NT: I think I picked up on the rhythm like the funky bass in “Looking Backward,” way more than in previous records. Was that a choice you and producer Reine wanted from the beginning?

Melody Prochet: It was quite organic. This song is part of the material they sent to me from Sweden. I think it comes from them feeling joyful and excited to make a new record as I had kind of closed that chapter, so I feel it naturally has that vividness, and for me, it reflects that sort of great renewed source of energy of a walk to the unknown— when you embrace it with more confidence and knowledge of the circularity of life.

NT: How do you decide which songs to sing in French and which in English? Is it easier to write in one more than the other?

Melody Prochet: I think for me this time it has been the more dynamic rhythms as you mentioned before. The melody just came with a lot of words and syncopated motives and it felt easier in French this time, it also keeps a distance from others in one or the other language, a sort of poetry in secrecy feel, while in English it’s more ethereal and floats easier on top of the music.
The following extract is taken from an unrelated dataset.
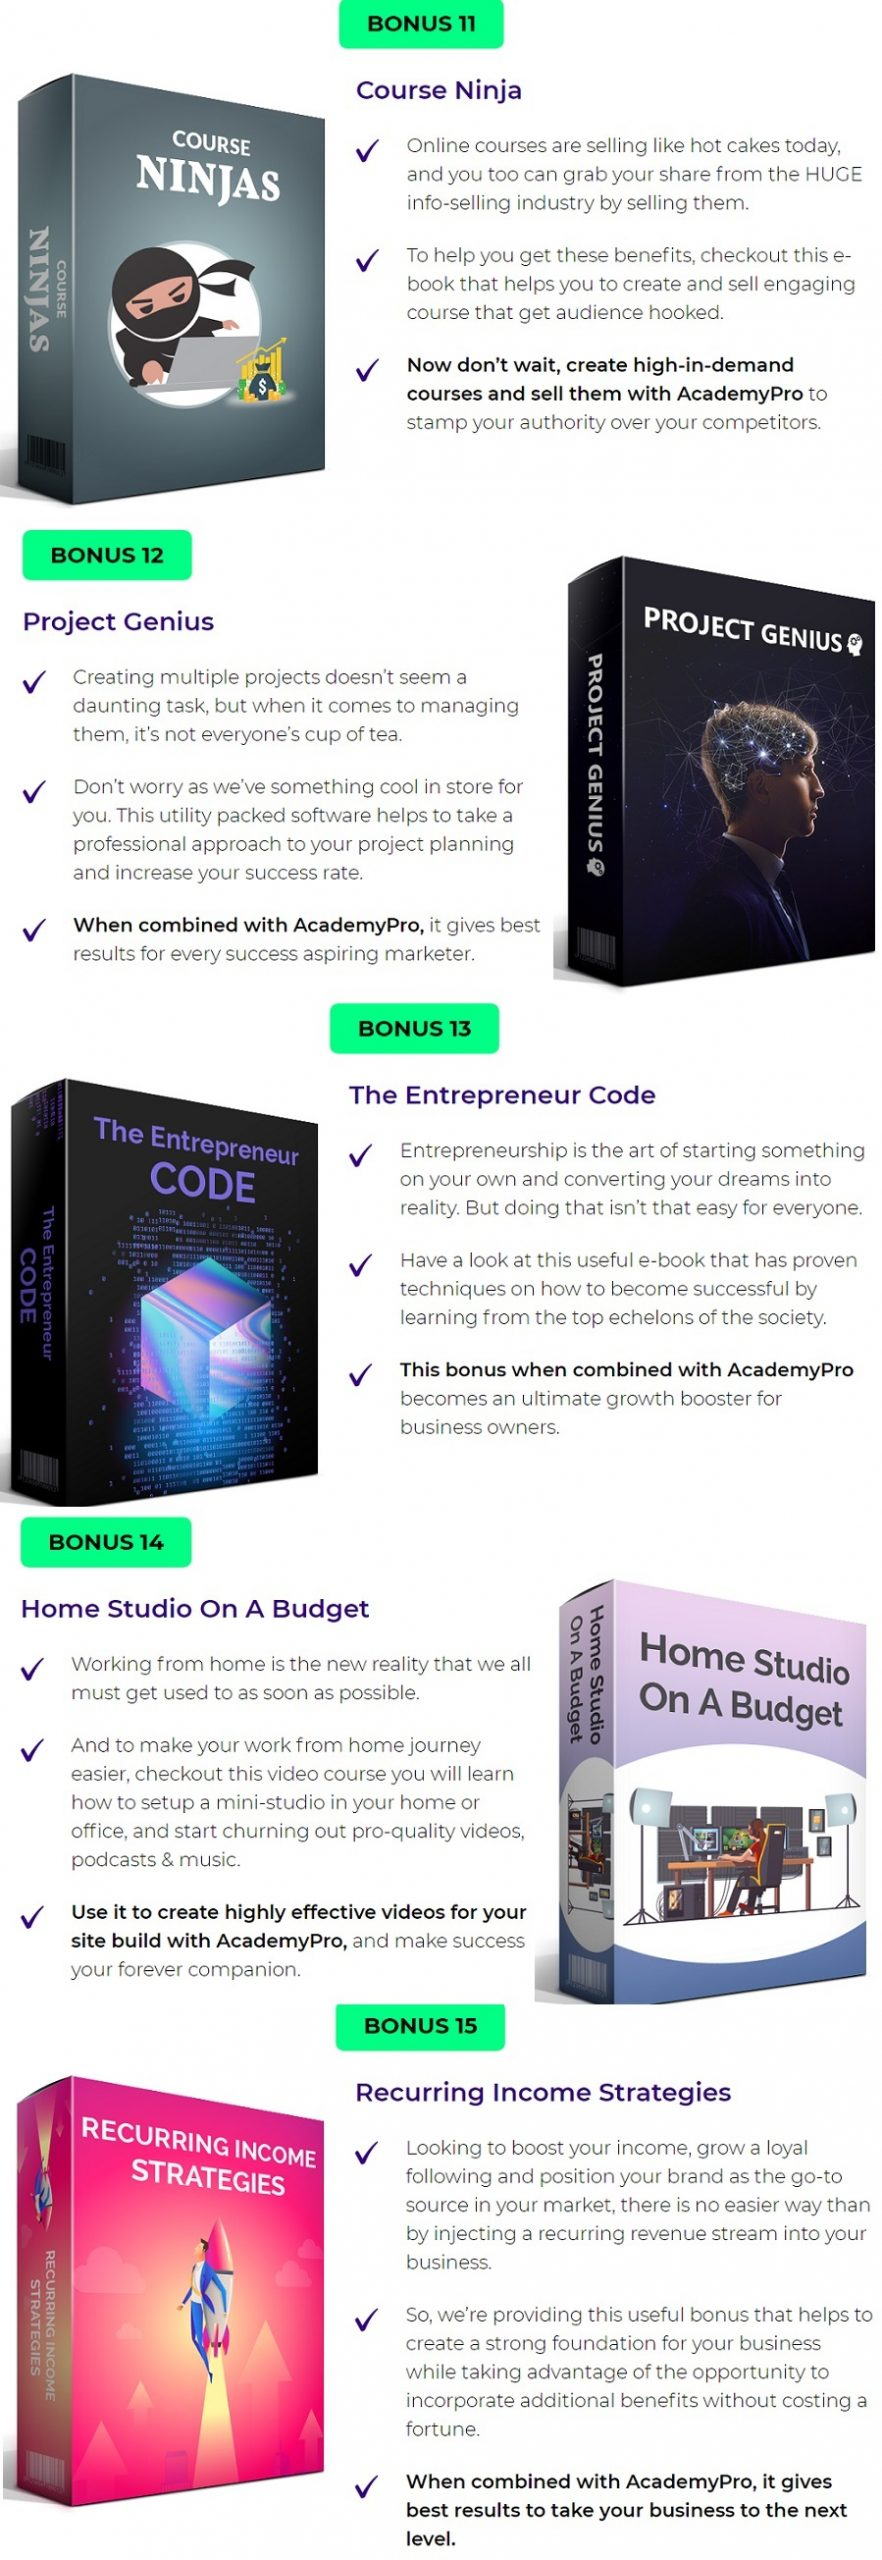 Academypro bonus discount

NT: I kind of go back between “Pyramids in the Clouds” and “Where the Water Clears..” as my favourites. Do you have a favourite on the new album and if so, why?
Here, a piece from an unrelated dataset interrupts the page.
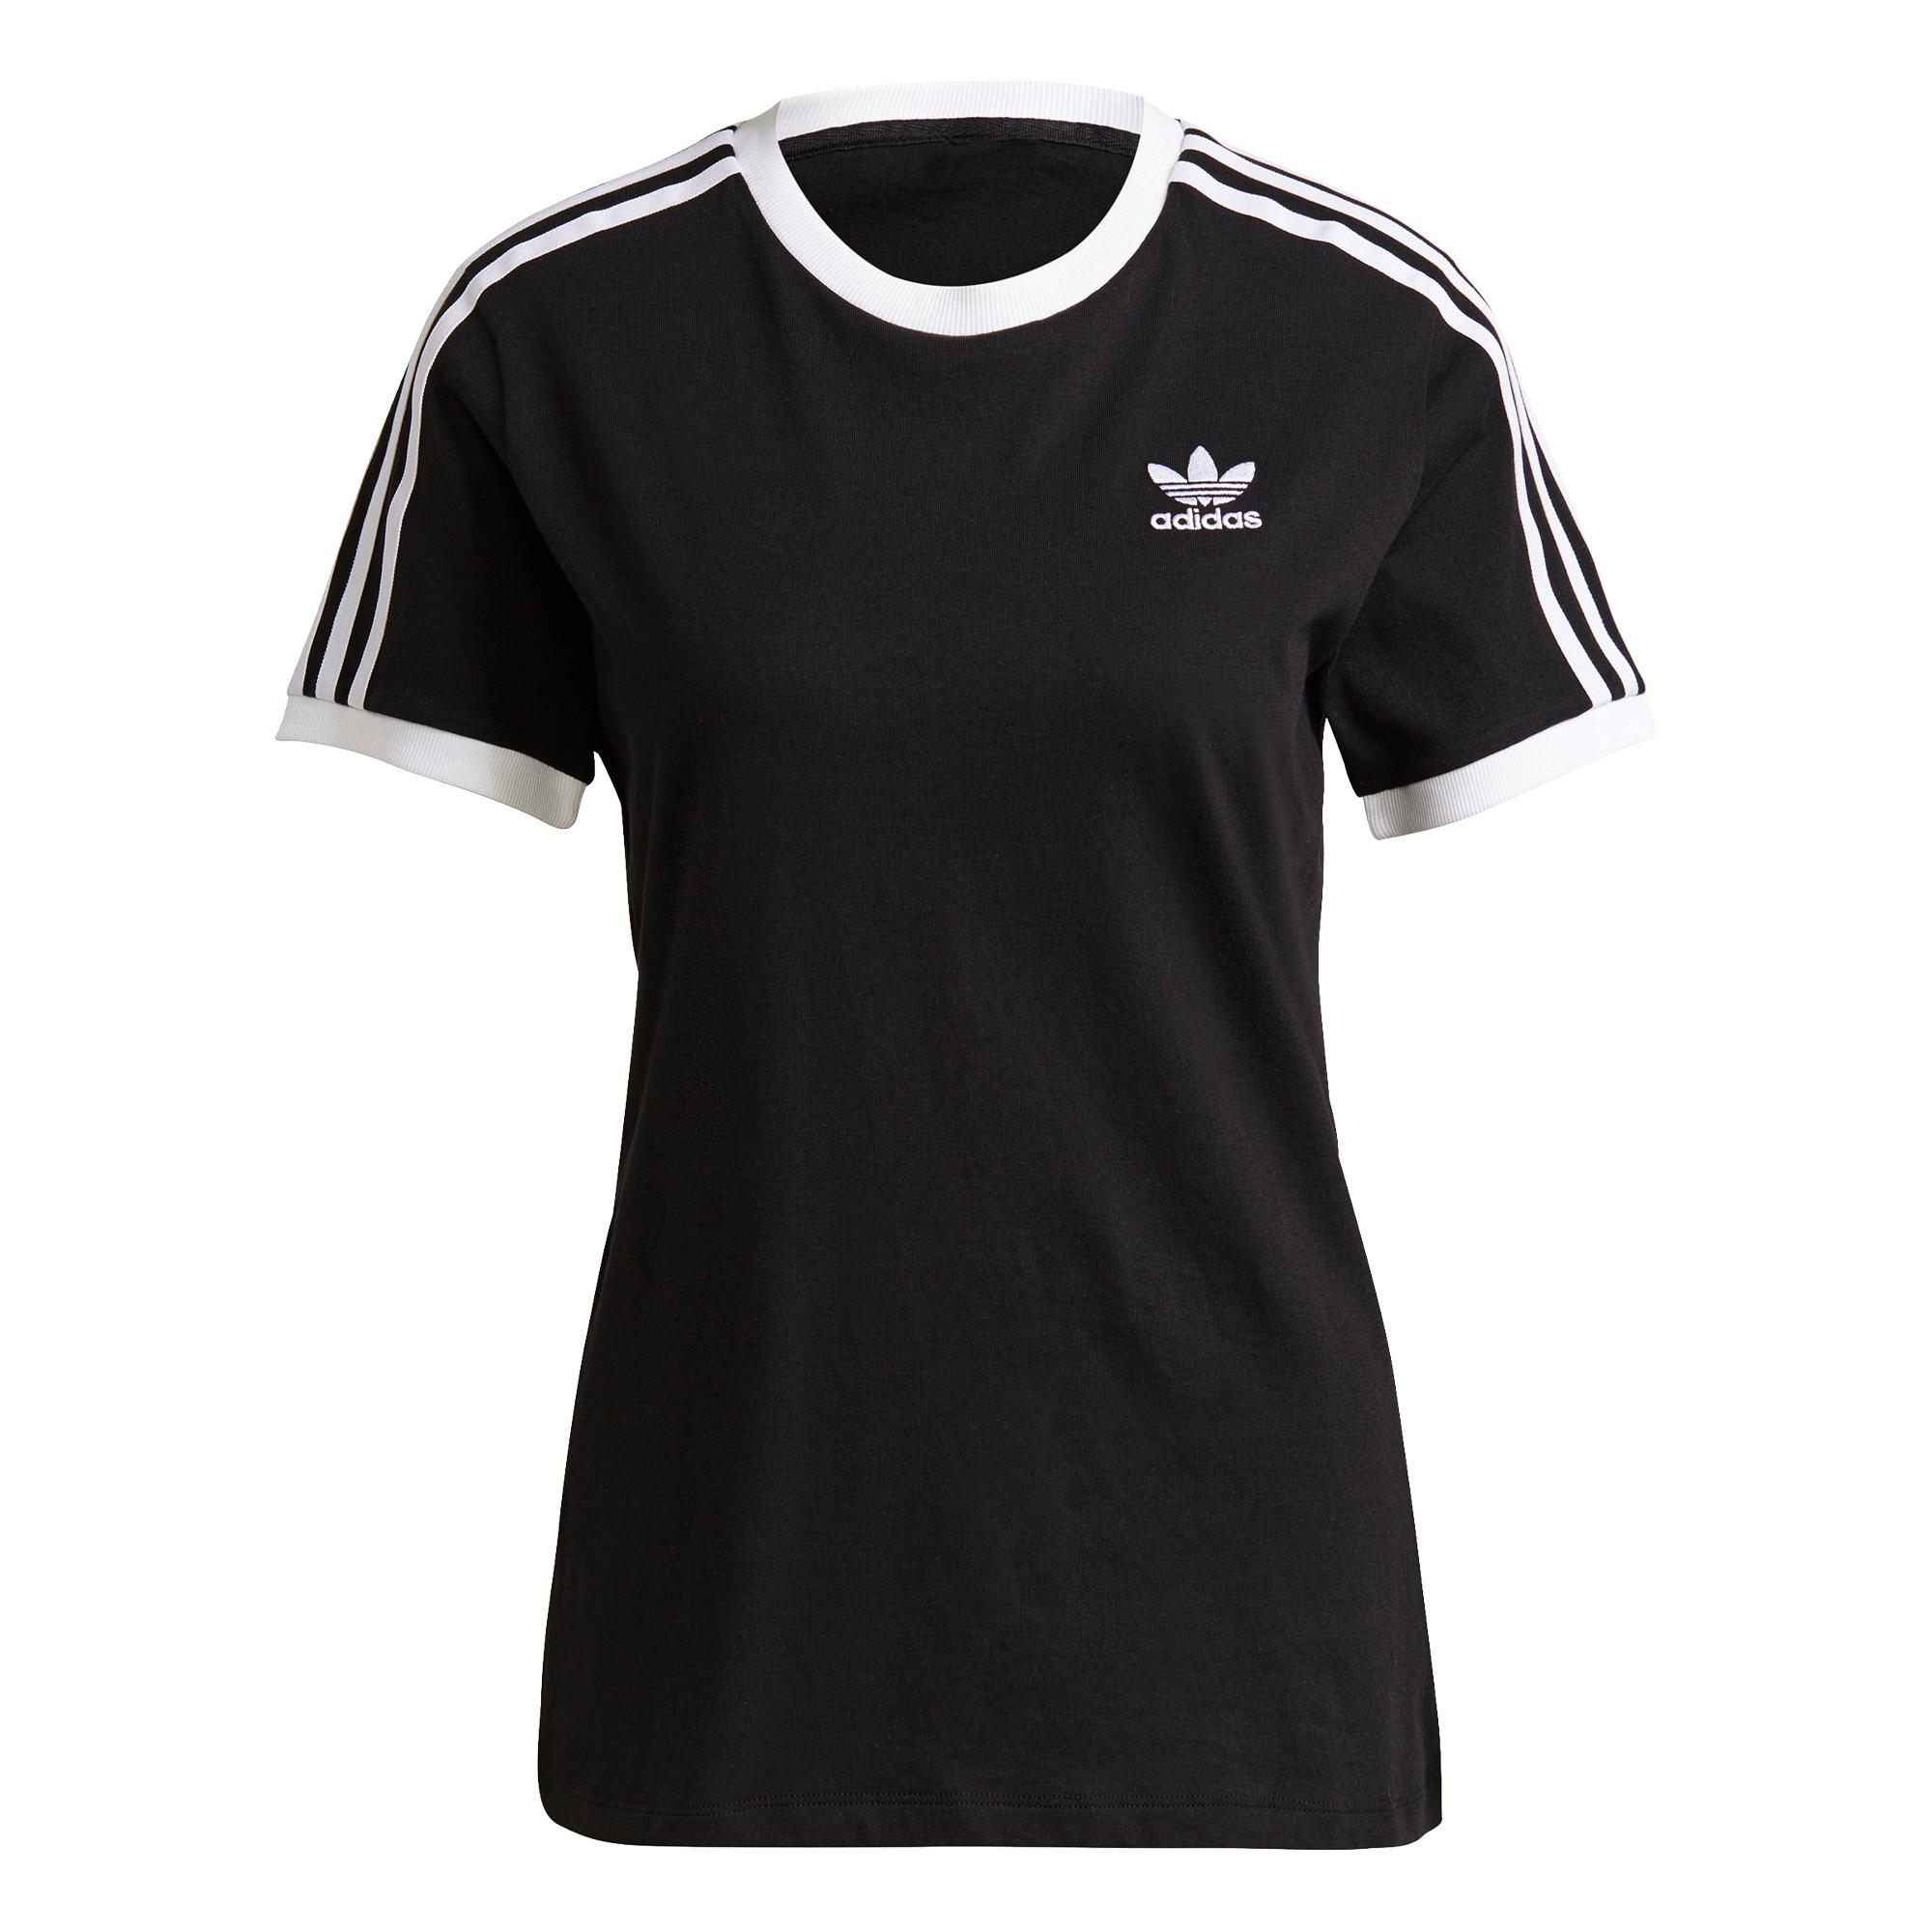 T-shirt adicolor Classics 3-stripes, Nero, large image number 0

Melody Prochet: I think it’s “The Hypnotist” although I hear all the imperfection in my drumming part and violins, it has something special, that underwater world with the whales and dolphins, and a hypnotic trip to it…and Reine’s guitar melody midway is immensely loving and beautiful to me, but also “[Alma] The Voyage” feels very special to me.

NT: Your music for me has always been very trance and dreamlike. Do song ideas sometimes come from dreams? Do you remember your dreams at all?

Melody Prochet: The only thing that came from a dream was the name Melody’s Echo Chamber. I had that dream where the acoustics of my bedroom had that switch to turn into infinite delay and I woke up from the echoes of my voice of my dream that night. But I mostly get inspiration from emotional overflows, sadness, and silence. then walking into natural sanctuaries helps to elaborate the ideas and clean my mind from human psyche noise.

NT: I played parts of this album at a group yoga thing and people, who had no idea who you were, asked if it was written for a guided meditation. Do you meditate at all or did you during writing this album?

Melody Prochet: Absolutely I have done a lot of mindset work, brain re-programmation stuff, and guided meditations. It was odd, I was sitting in the studio alone one night in Stockholm and had to record vocals for “The Hypnotist,” and I had no idea about the chorus part, and I just did that meditation countdown and we kept that original take, I had not written a word of it

NT: In 2017 you suffered a terrible accident and then came back with Bon Voyage and now Emotional Eternal. Do you think coming back from that accident (which honestly sounds like something you could have never come back from) gave you more confidence as an artist?

Melody Prochet: It’s just the sound of a slow dawning of peace. I think self-confidence is not something that feels completed yet and that’s when Reine and Swahn get to compliment me. We work in a triangular way, it’s a special bond, a rare one, and we chase butterflies together.